The Treat-to-target Study of RA Based on Smart System of Disease Management(SSDM)

Rheumatoid Arthritis Clinical Trial

— T2TRAonSSDM  

Official title:

The Treat-to-target Study of Rheumatoid Arthritis Based on Smart System of Disease Management(SSDM) : A Randomized Controlled Multicenter Trial

Clinical Trial Details — Status: Recruiting

Administrative data

• NCT number: NCT03715595
• Other study ID #: 2018PHB065-01
• Status: Recruiting
• Phase: N/A
• Start date: November 1, 2018
• Est. completion date: June 29, 2020

Study information

• Verified date: June 2020
• Source: Peking University People's Hospital
• Contact: Zhanguo Li, Doctor
• Phone: 86-10-88324178
• Email: fiona_leechun[@]163.com
• Is FDA regulated: No
• Study type: Interventional

Clinical Trial Summary

This study evaluate the Smart System of Disease Management（SSDM）to improve the treat-to-target(T2T) and the safety of drug in the treatment of rheumatoid(RA). All participants will be randomized in the SSDM group and the control group. The patients in the SSDM group will use the SSDM every month and the control group will receive the conventional therapy.

Description:

Treat-to-Target (T2T), achieving a DAS28 score lower than 2.6 (remission, Rem) or below 3.2 (low disease activity, LDA), is the main management strategy recommended by ACR and EULAR. The Smart System of Disease Management (SSDM) is an interactive mobile disease management tool, including the doctors' and patients' application system.
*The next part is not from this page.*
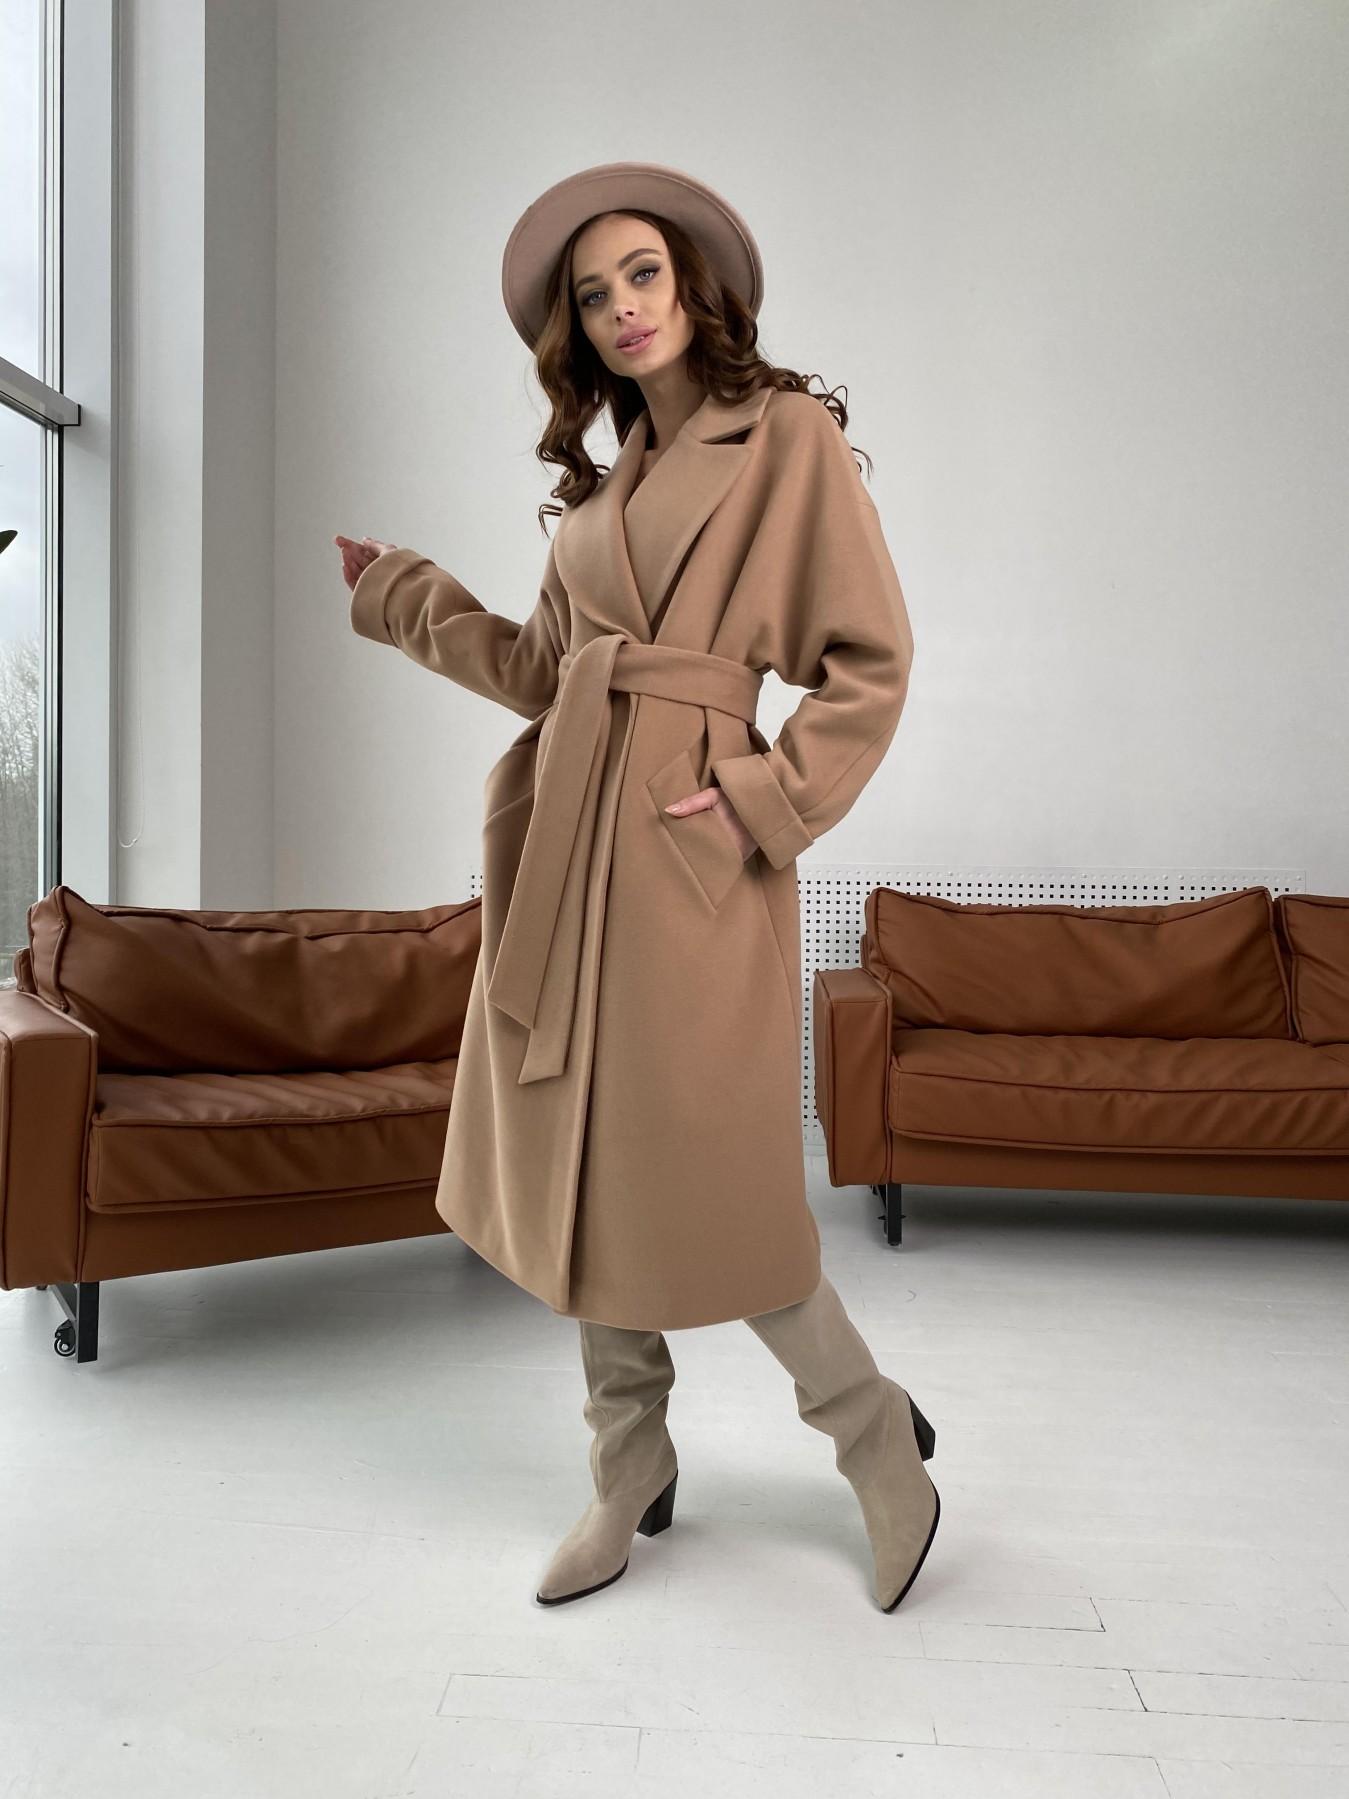 Влада пальто демисезонное из кашемира  10541 АРТ. 46895 Цвет: Кемел - фото 1, интернет магазин tm-modus.ru

The patients can perform self-evaluation, including DAS28, morning stiffness duration (MSD) and HAQ, and input medical records (including medication and laboratory test results) through the mobile application. The data synchronizes to the mobiles of authorized rheumatologists through cloud data base and advices could be delivered.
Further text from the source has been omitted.